Not sure if this helps or is simply a long +1, but thank you for looking at this!
For whatever it is worth, and to temporarily unblock anyone else that runs across this issue while a proper fix is unavailable, I am able to work around the above reported error by simply adding "ln -s ${HOME}/.ansible /.ansible" to the end of the RUN line in my build/Dockerfile:
RUN ansible-galaxy collection install -r ${HOME}/requirements.yml \
&& chmod -R ug+rwx ${HOME}/.ansible \
&& ln -s ${HOME}/.ansible /.ansible
For what it's worth I saw this on a 4.3.1 cluster I was diagnosing for someone, but not on a 4.3.8 cluster I tried to reproduce it on. I also didn't see it on two other testing clusters running 4.3.8. I don't know why cluster version would come into play, but thought I would mention it.
Confirmed that this behavior disappears on crc 1.8.0 (OpenShift 4.3.8).
I wonder if this could be related to https://github.com/cri-o/cri-o/issues/3186
/cc @fabianvf
I am facing exactly the same issue at same step. I will probably look for Openshift 4.3.8 cluster. Can you tell me @jmontleon , where 4.3.8 cluster is available?
Issues go stale after 90d of inactivity.
Mark the issue as fresh by commenting /remove-lifecycle stale.
Stale issues rot after an additional 30d of inactivity and eventually close.
Exclude this issue from closing by commenting /lifecycle frozen.
If this issue is safe to close now please do so with /close.
/lifecycle stale
Stale issues rot after 30d of inactivity.
Mark the issue as fresh by commenting /remove-lifecycle rotten.
Rotten issues close after an additional 30d of inactivity.
Exclude this issue from closing by commenting /lifecycle frozen.
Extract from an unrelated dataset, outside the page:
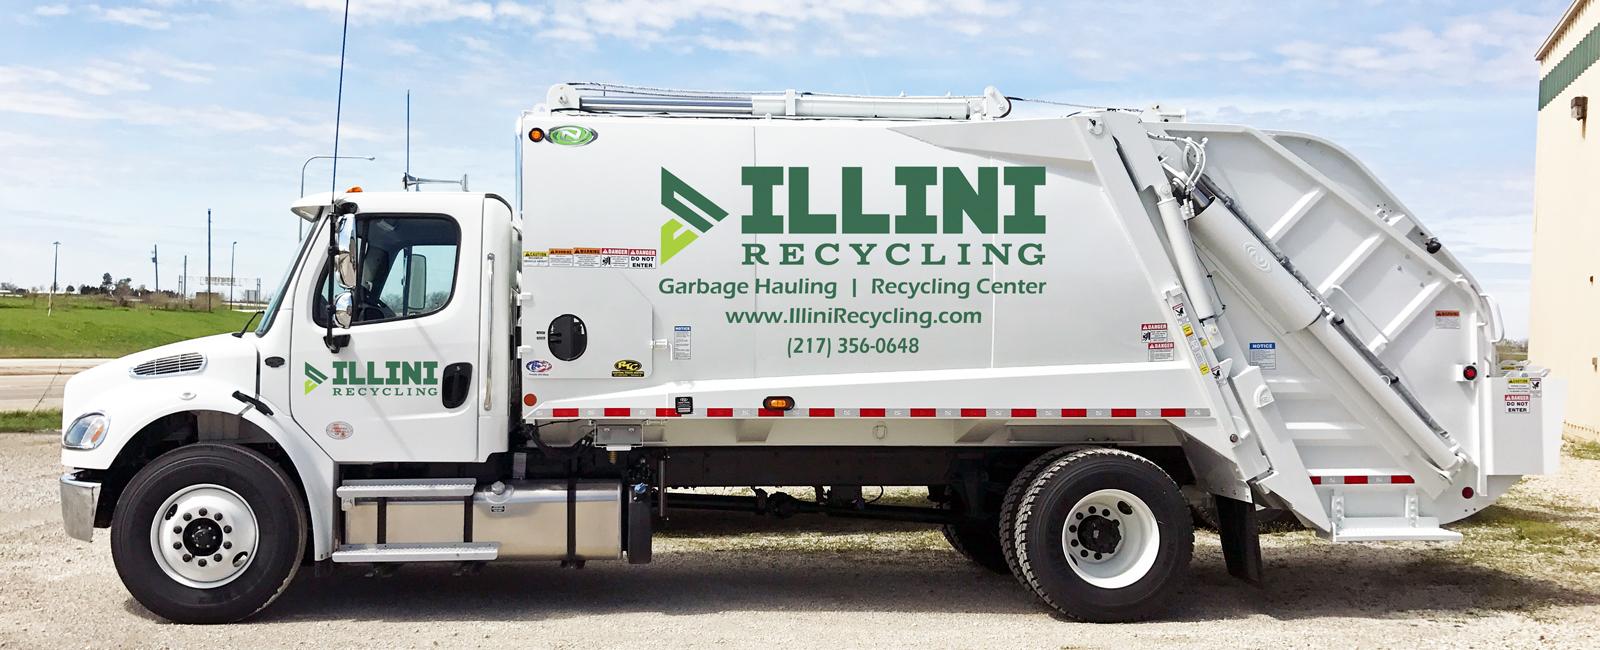 Illini Recycling

If this issue is safe to close now please do so with /close.
/lifecycle rotten
/remove-lifecycle stale
I landed here debugging a similar problem experimenting with the new release of operator-sdk 1.0.0
Only way I could find to get past the problem was to do the following:
Create ansible.cfg, based on the version already in the container, but add local_tmp and remote_tmp declarations:
[defaults]
roles_path = /opt/ansible/roles
library = /usr/share/ansible/openshift
local_tmp = /tmp/.ansible
remote_tmp = /tmp/.ansible
Update Dockerfile to put this new config file in the image:
RUN ansible-galaxy collection install -r ${HOME}/requirements.yml \
&& chmod -R ug+rwx ${HOME}/.ansible
# Workaround for https://github.com/operator-framework/operator-sdk/issues/2648
# Override detault tmp directory by setting local_tmp & remote_tmp = /tmp/.ansible
# instead of /.ansible/tmp, which does not exist
COPY ansible.cfg /etc/ansible/ansible.cfg
I tried to do the same fix from this comment, but docker build fails when trying to create /.ansible symlink.
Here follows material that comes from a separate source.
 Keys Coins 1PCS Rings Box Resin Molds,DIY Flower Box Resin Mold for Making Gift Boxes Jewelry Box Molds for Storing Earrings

I hit a similar problem in my testing inside a GitHub Actions CI environment and found the issue was the permissions on the files that were copied into the image during the image build. I had to change ownership on the files before running the build to work around this issue.
@durera
It doesn't work for me.
I created an Ansible conf file and I set the tmp dir.
[defaults]
local_tmp = /tmp/.ansible
remote_tmp = /tmp/.ansible
host_key_checking = false
But it seems that on Openshift the random user applied to the container is anyway pointing to /.ansible. And at some point Ansible tries to create a cp folder.
TASK [Register date from master server] ****************************************
fatal: [ocp4exp-master-0.ocp4exp.testing.local]: FAILED! => {"msg": "Unable to create local directories(/.ansible/cp): [Errno 13] Permission denied: b'/.ansible/cp'"}
/remove-lifecycle rotten
/priority important-soon
This bug is related to cri-o, and has been fixed in a more recent version that is used in recent versions of OCP.
Most helpful comment
Confirmed that this behavior disappears on crc 1.8.0 (OpenShift 4.3.8).